== Segment start ==

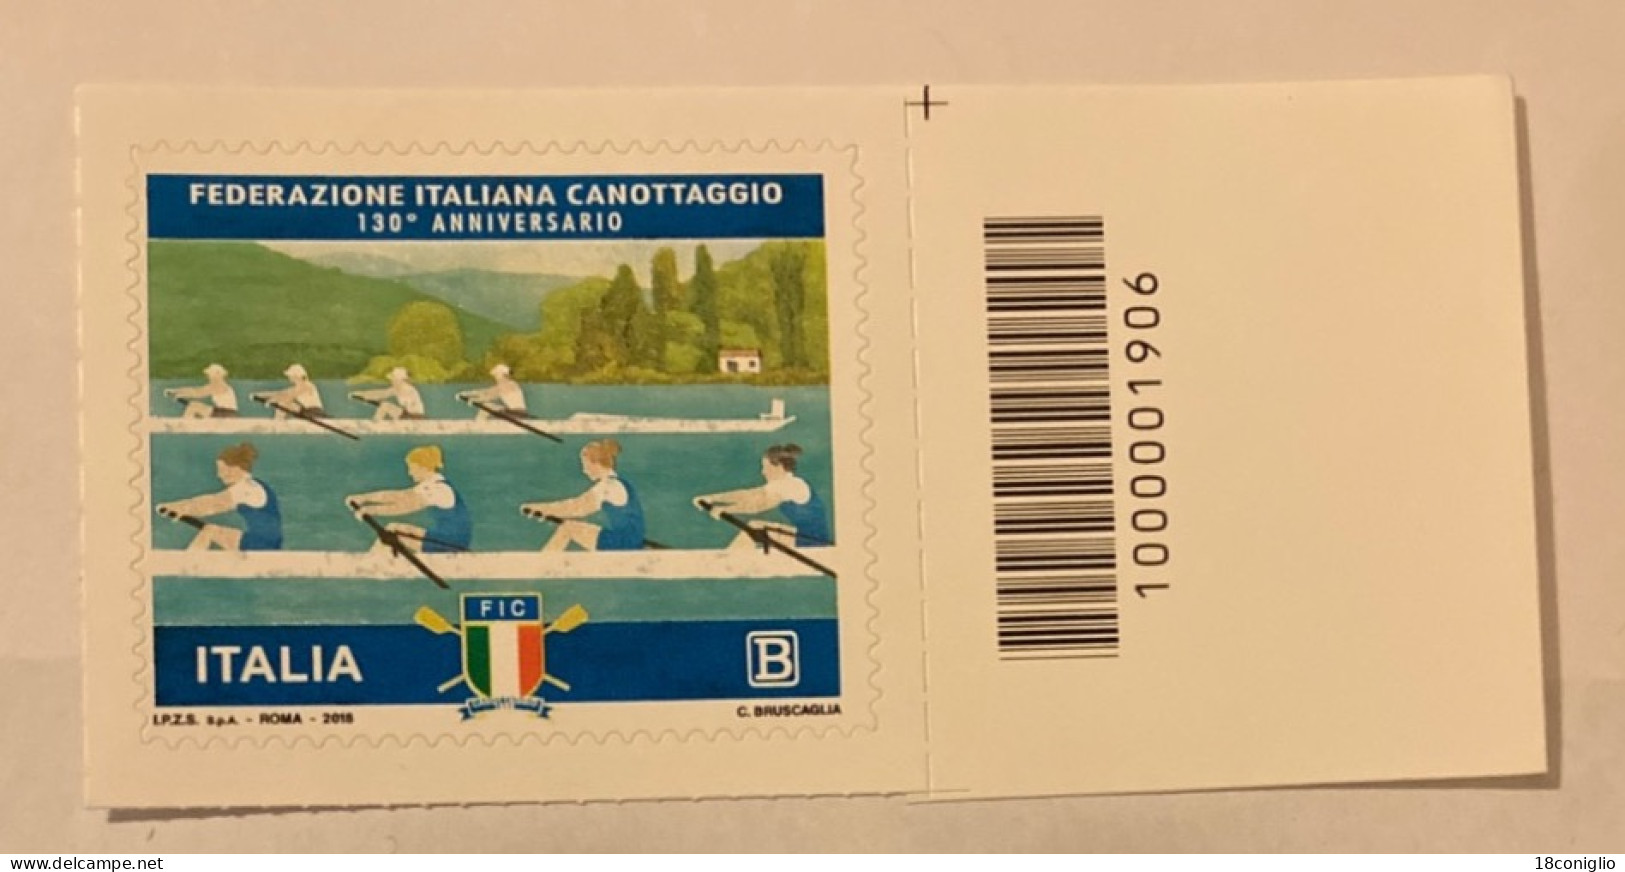 Italia 2018 Codice A Barre 1906 Federazione Italiana Canottaggio - Códigos De Barras
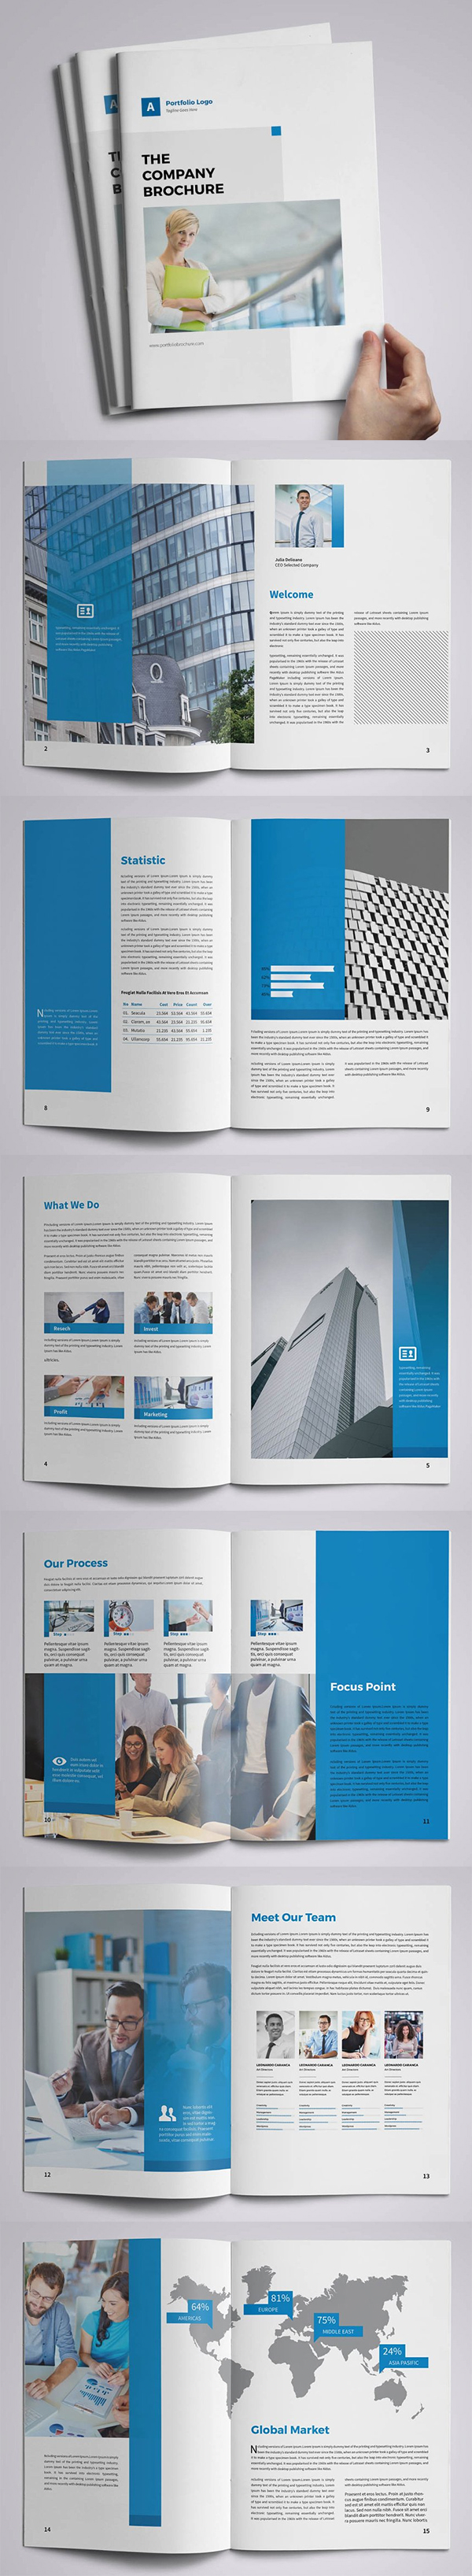 Corporate Business Brochure Template Design
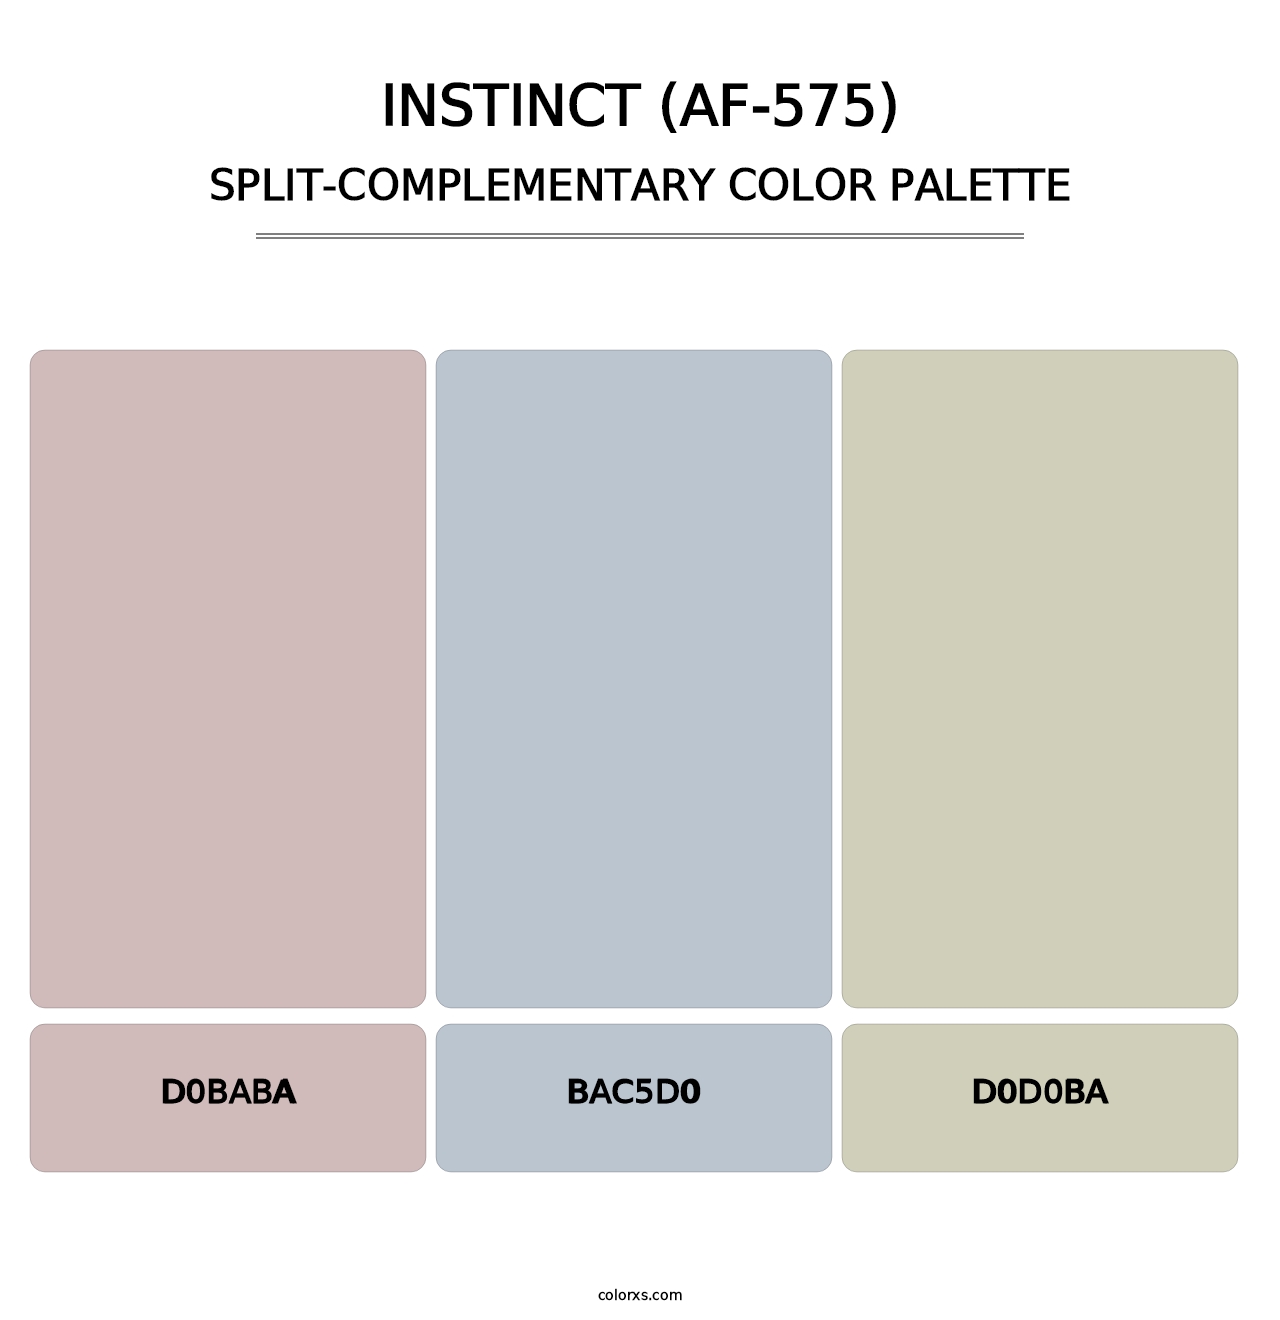 Instinct (AF-575) - Split-Complementary Color Palette

== Segment end ==

__Task statement__:
Starting with the line that contains "Corporate Business Brochure Template Design", repeat each line exactly until the listing ends, including the last one. Leave pictures out.

__Answer section__:
 Corporate Business Brochure Template Design
 Instinct (AF-575) - Split-Complementary Color Palette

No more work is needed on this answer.